However, the following code compiles:

[] {
    int a, b;
    std::tie(a, b) = [] {return std::make_tuple(1, 2); }();
    auto r = [&] {return a; }();
}();

I thought that the two samples were equivalent. Is it a compiler bug or am I missing something ?

4

There are 4 answers

14
T.C. On BEST ANSWER

Core issue 2313 changed the standard so that structured bindings are never names of variables, making them never capturable.

P0588R1's reformulation of lambda capture wording makes this prohibition explicit:

If a lambda-expression [...] captures a structured binding (explicitly or implicitly), the program is ill-formed.

Note that this wording is supposedly a placeholder while the committee figures out exactly how such captures should work.

Previous answer kept for historical reasons:


This technically should compile, but there's a bug in the standard here.

The standard says that lambdas can only capture variables. And it says that a non-tuple-like structured binding declaration doesn't introduce variables. It introduces names, but those names aren't names of variables.

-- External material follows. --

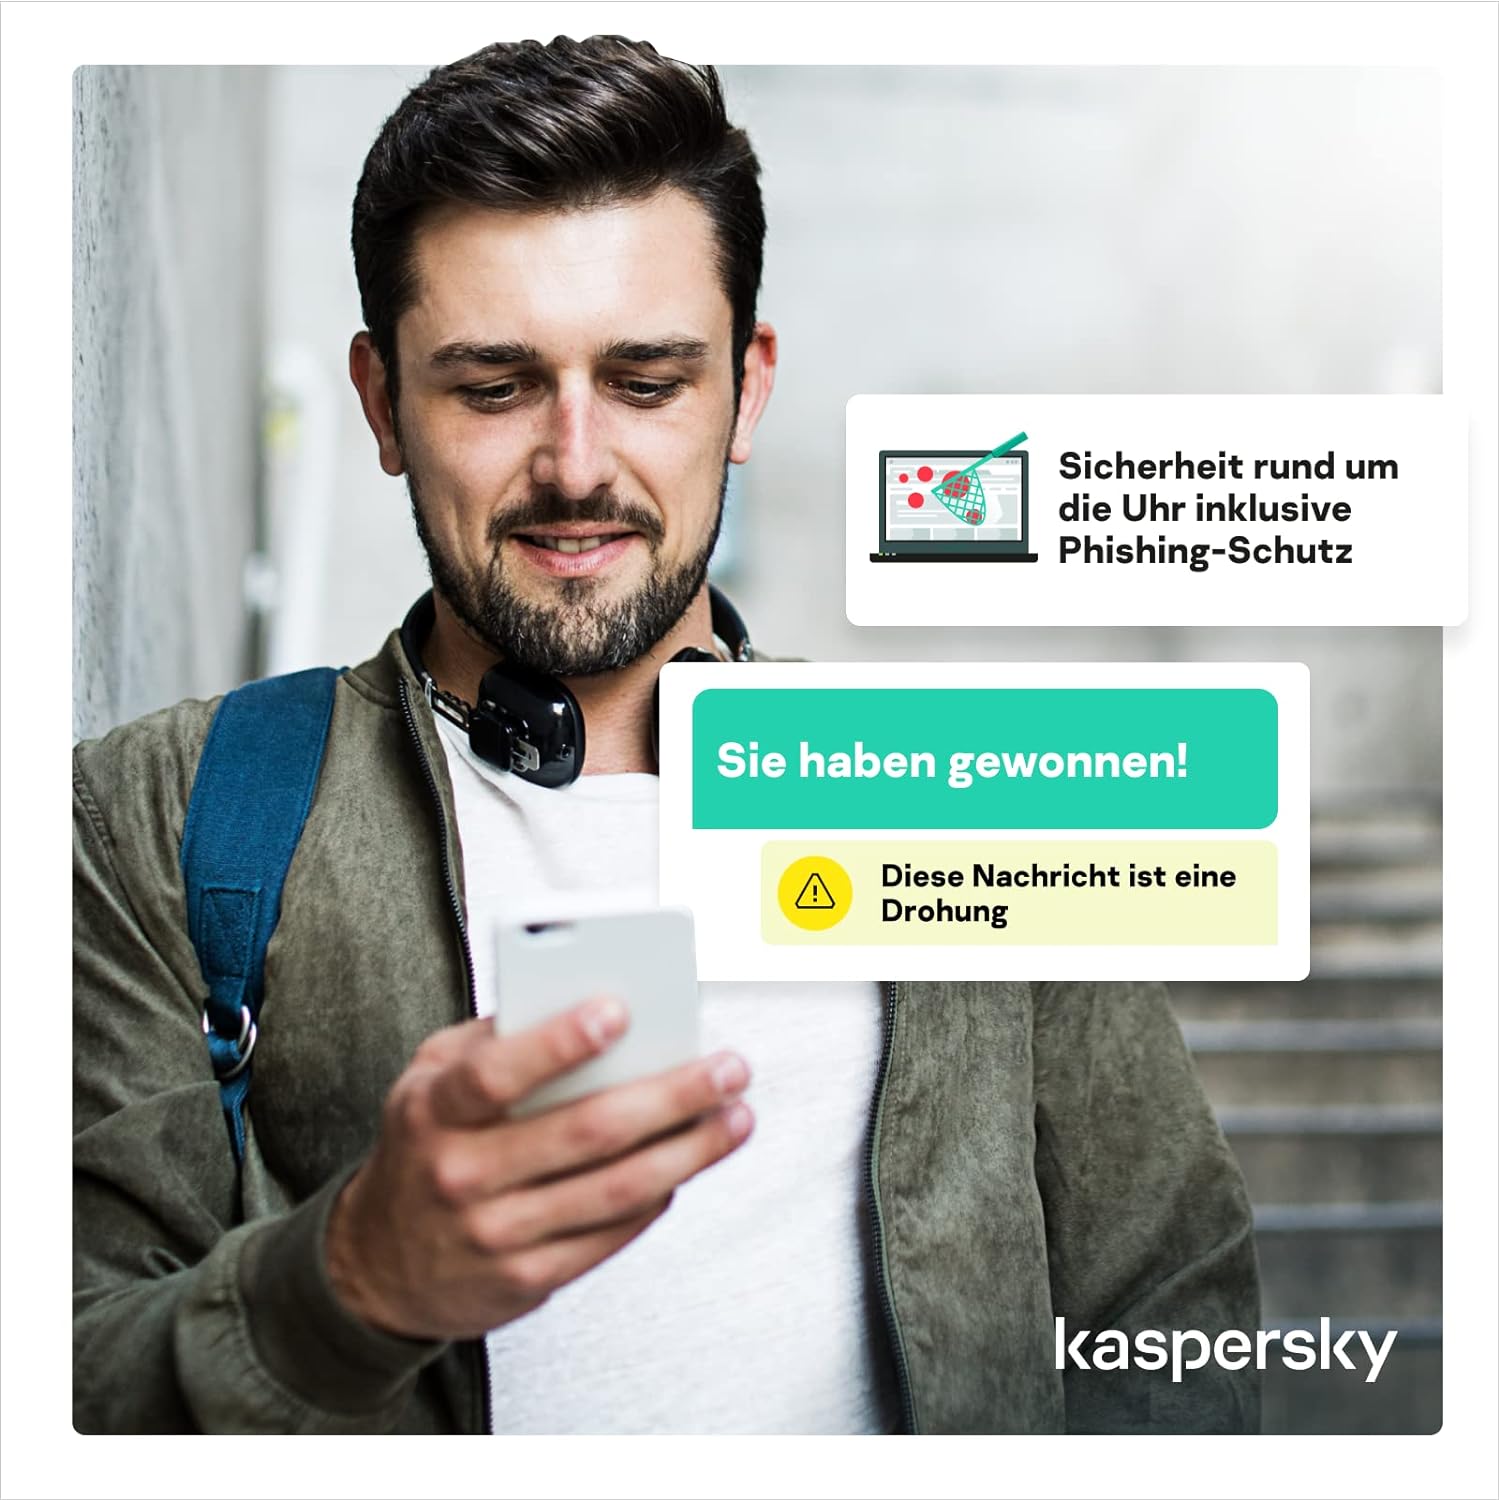 Kaspersky Plus Internet-Security 2024 /5-Gerät / 1-Jahr /BOX
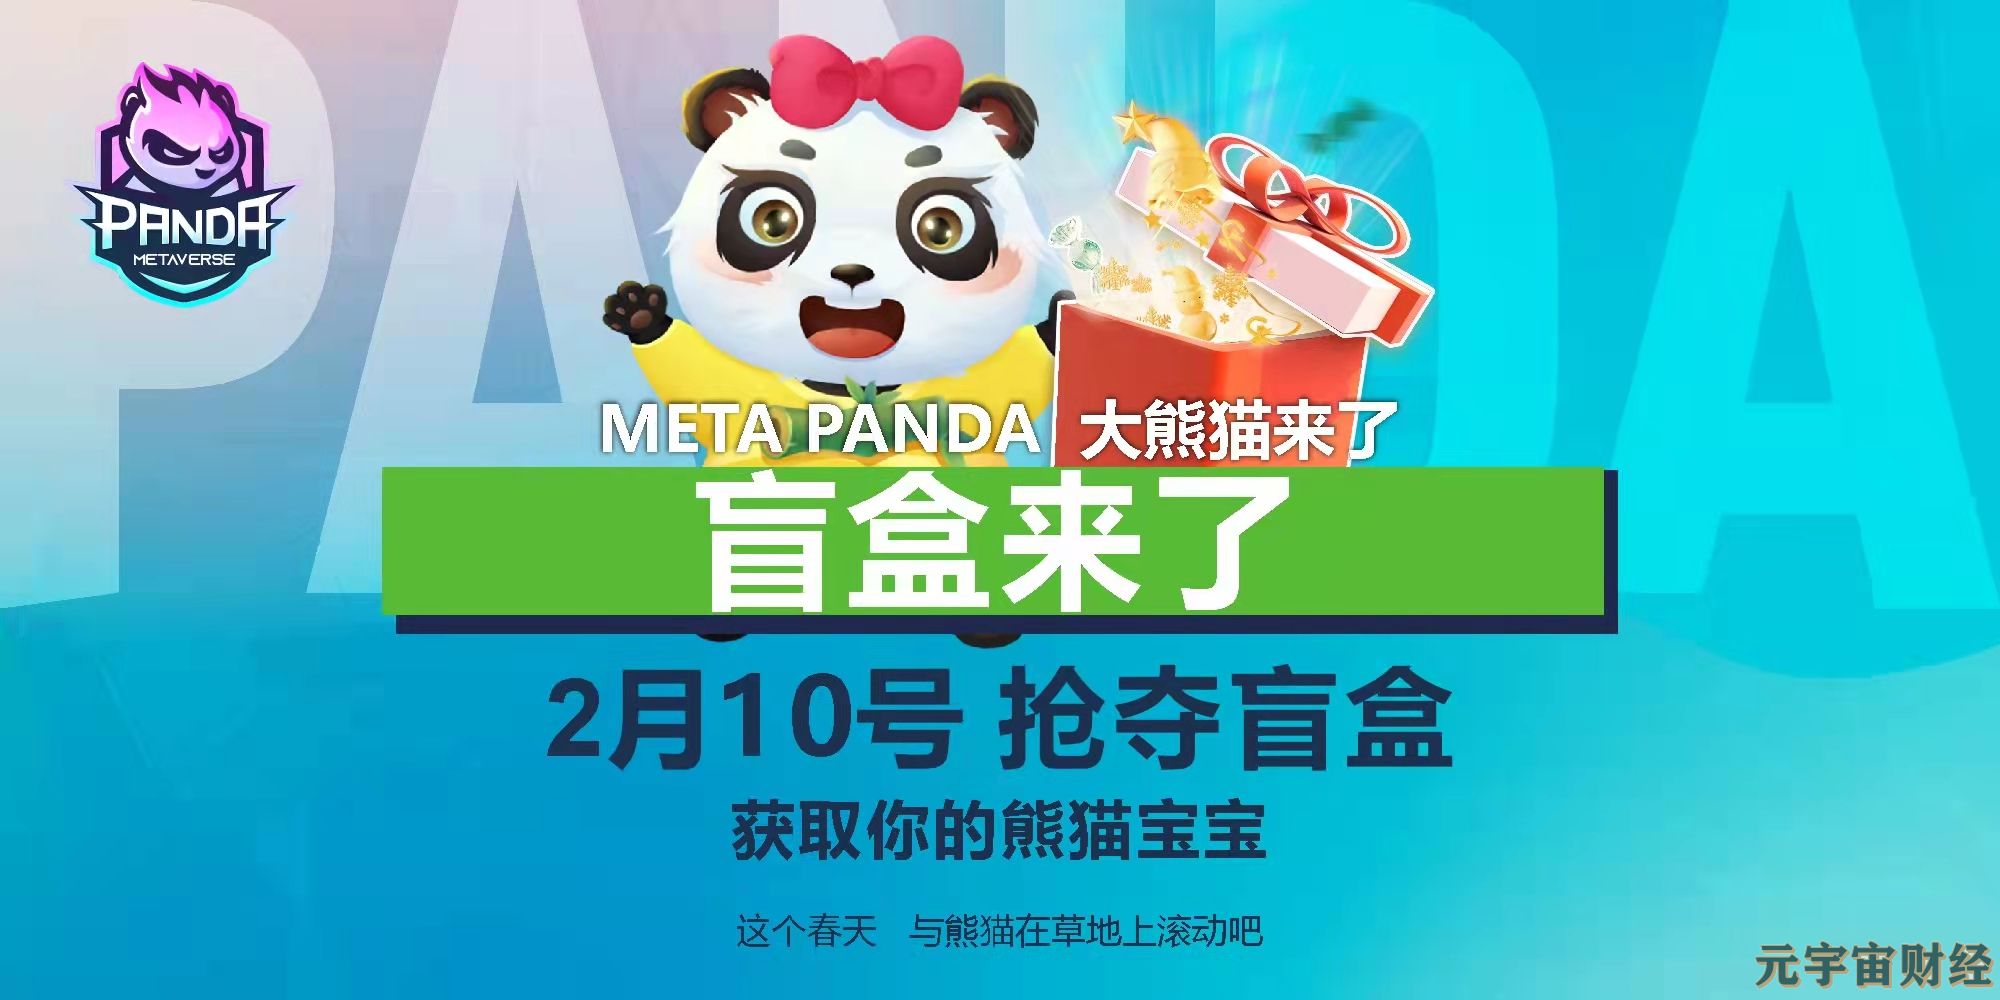 Meta Panda熊猫盲盒2月10号开放抢购  数量有限引爆抢购热潮！

A tuple-like structured binding declaration, on the other hand, does introduce variables. a and b in auto [a, b] = std::make_tuple(1, 2); are actual reference-typed variables. So they can be captured by a lambda.

Obviously this is not a sane state of affairs, and the committee knows this, so a fix should be forthcoming (though there appears be some disagreement over exactly how capturing a structured binding should work).

0
fdermishin On

You can use init-capture like this, as suggested in https://burnicki.pl/en/2021/04/19/capture-structured-bindings.html. The variable is captured by reference, so there is no overhead, and no need to deal with pointers.

auto [a, b] = [] { return std::make_tuple(1, 2); }();
auto r = [&a = a] { return a; }();

Using the same name both for structured binding and for its reference can be misleading, but actually it means

auto r = [&a_ref = a] { return a_ref; }();

As far as I know, it works on all compilers starting from C++17 and above, including clang.

4
perimasu On

A possible workaround is to use a lambda capture with the initializer. The following code compiles fine in Visual Studio 2017 15.5.

[] {
    auto[a, b] = [] {return std::make_tuple(1, 2); }();
    auto r = [a = a] {return a; }();
}();
6
Kai Gu On

Now lambda could capture structured binding since c++20, see this.